Чужие страсти — страница 26 из 101

Лайла, явно озадаченная, смотрела на него, нахмурив брови.

— И все-таки я не понимаю. Ты никогда не задерживался дольше чем на несколько недель. Ты чего-то не договариваешь?

Наступила долгая тишина. Когда Вон наконец заговорил, слова его были обращены куда-то в стену у нее за спиной. Он не мог смотреть сестре в глаза, не мог видеть ту боль, которую причинит своим сообщением.

— Я болен, Лайла. У меня рак. Лимфома не-Ходжкина, если быть точным. Врач в Йоханнесбурге сомневался по поводу диагноза и сделал мне биопсию. Поэтому я и приехал, чтобы лечиться здесь, в Нью-Йорке.

Он перевел взгляд на Лайлу, которая не сводила с него ошеломленного взгляда.

— Нет. — Не веря своим ушам, она ожесточенно замотала головой. — Этого не может быть. Ты? Ты же самый здоровый человек из всех, кого я знаю. Они просто перепутали результаты твоих анализов с какими-то другими.

Вон взял сестру за руку, сжал ее, а потом постарался вложить в свои слова всю нежность, как это было однажды в детстве, когда Лайла вернулась из воскресной школы в слезах, потому что священник сказал ей, что пони не попадают в рай. Ее любимую шотландскую лошадку, Попкорна, недавно усыпили, и Лайла была просто безутешна. Вону поручили убедить сестренку (сам он, честно говоря, не был в этом уверен), что Попкорн сейчас находится на небесах и пасется там на зеленой травке.

— Это еще не смертный приговор, Лайла, — уверенно произнес Вон. — Онкологическое отделение Нью-йоркского пресвитерианского госпиталя считается самым лучшим в этой области. И врач в Йоханнесбурге сказал, что у меня есть хороший шанс на полное выздоровление.

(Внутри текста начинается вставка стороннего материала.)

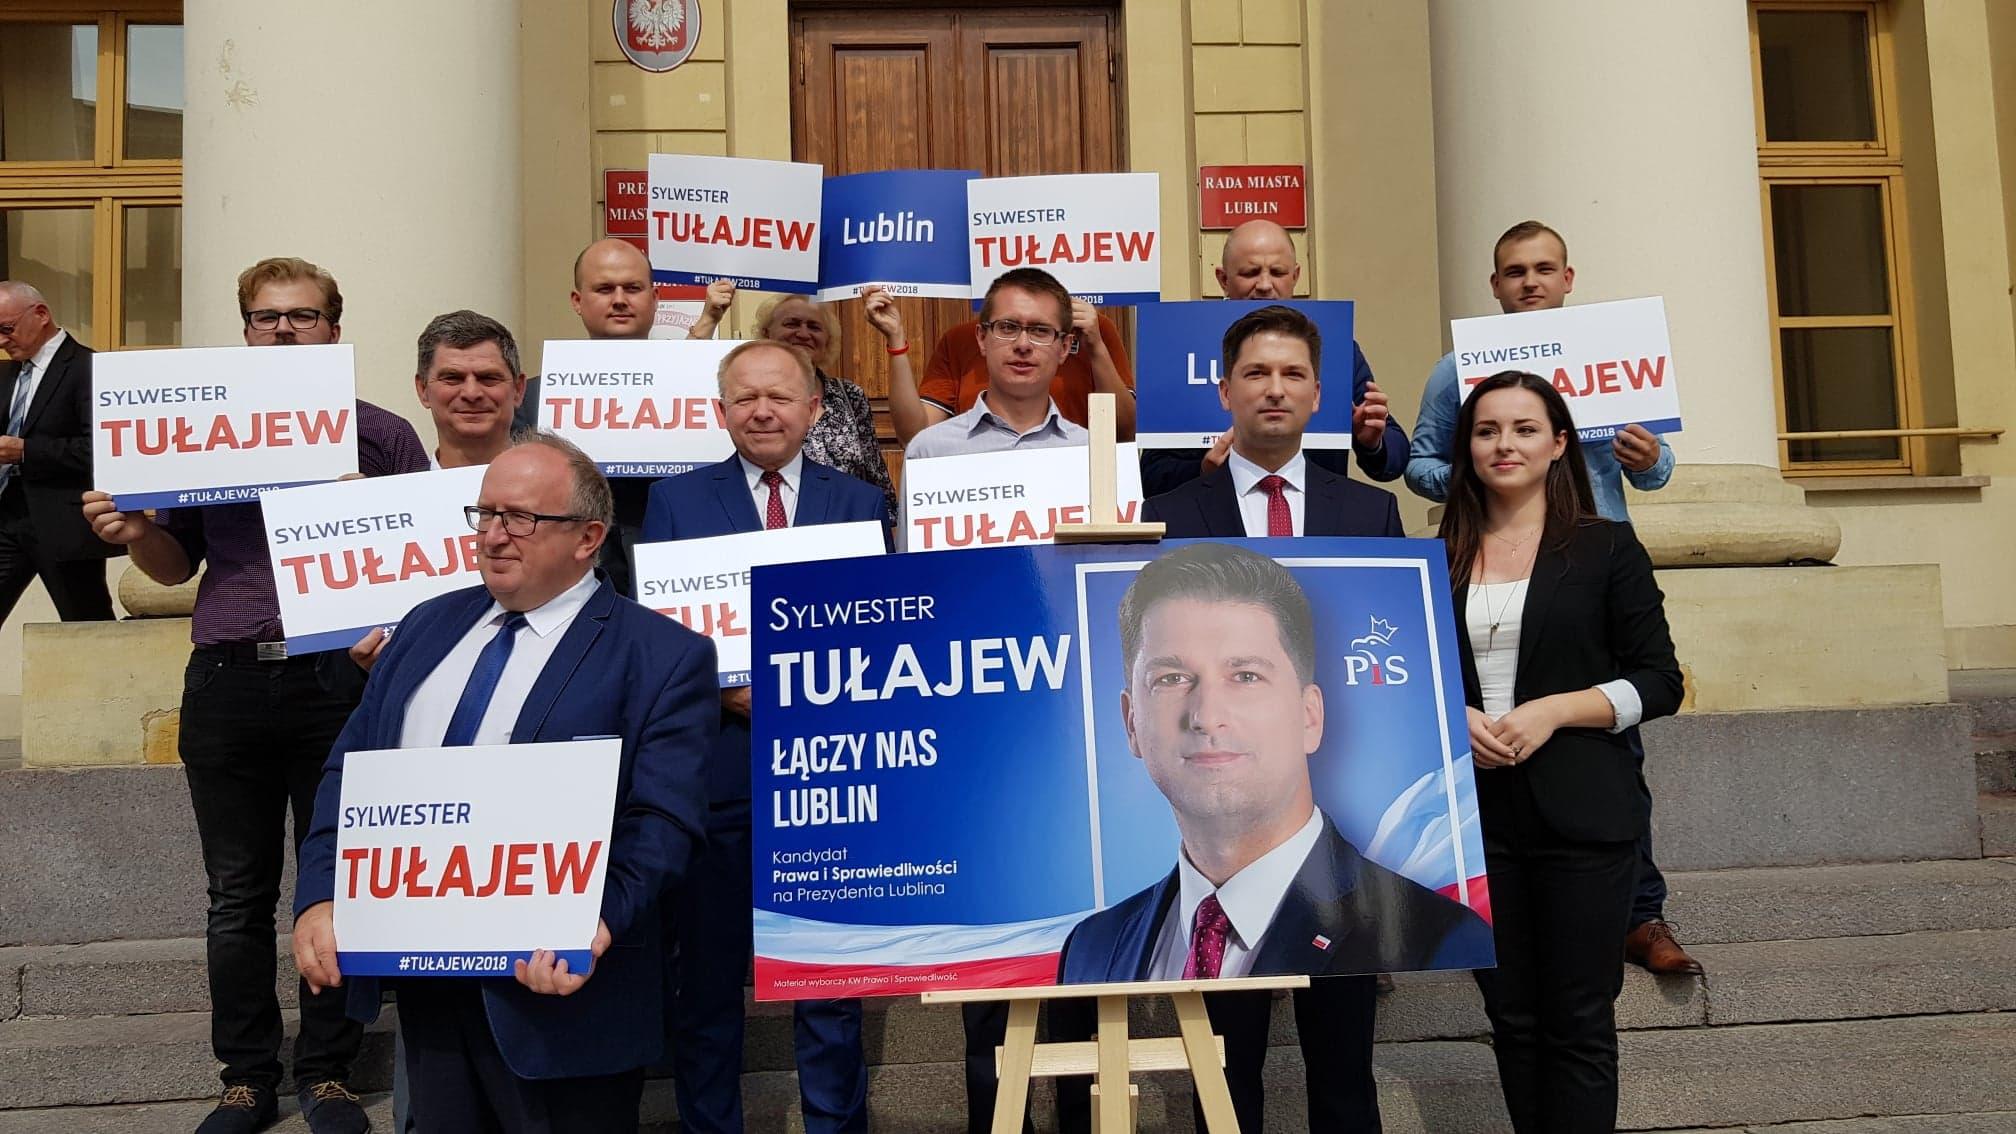 Łączy nas Lublin – Sylwester Tułajew ogłosił swoje hasło wyborcze

Она продолжала пристально смотреть на него, медленно качая головой.

— Боже мой! Я чувствую себя ужасно. Все это время я была занята только собственными проблемами, тогда как ты… — У нее снова перехватило горло.

— Я сам настаивал на том, чтобы ты обращалась со своими проблемами ко мне, — возразил Вон. — Что бы с нами ни случилось, мы будем с тобой вместе. И это касается нас обоих. — Их родители шутили, что они появились на свет, связанные одной пуповиной, что, похоже, было недалеко от истины.

— Но ведь меня здесь не будет. Кто же позаботится о тебе? — жалобно спросила Лайла.

— Последние лет сорок с небольшим я прекрасно справлялся с тем, чтобы заботиться о себе, — напомнил Вон. — Но в любом случае я не буду совсем один, так что не стоит беспокоиться по этому поводу. Если мне что-то понадобится, рядом будет Джиллиан.

— Я могла бы сообщить Абби, что передумала. Мне еще не поздно отказаться.

— Нет. — Голос Вона звучал твердо. — Я не хочу, чтобы из-за меня ты перекраивала свою жизнь. Кроме того, если ты не возьмешь эту работу, куда же тебе идти?

— Убедительный аргумент. Но не нужно быть таким чертовски благородным. По сравнению с тобой я чувствую себя просто плаксивым ребенком. — Ей удалось слабо улыбнуться сквозь выступившие на глазах слезы.

— Кто нас будет сравнивать, сестренка? Да и вообще, после того как у меня вылезут все волосы и я выблюю половину своих внутренностей, вряд ли я буду чувствовать себя таким уж благородным.

— Ручаюсь, что ты и лысый будешь выглядеть замечательно.

— О, ты должна это помнить! Ведь на всех детских фотографиях я был лысым.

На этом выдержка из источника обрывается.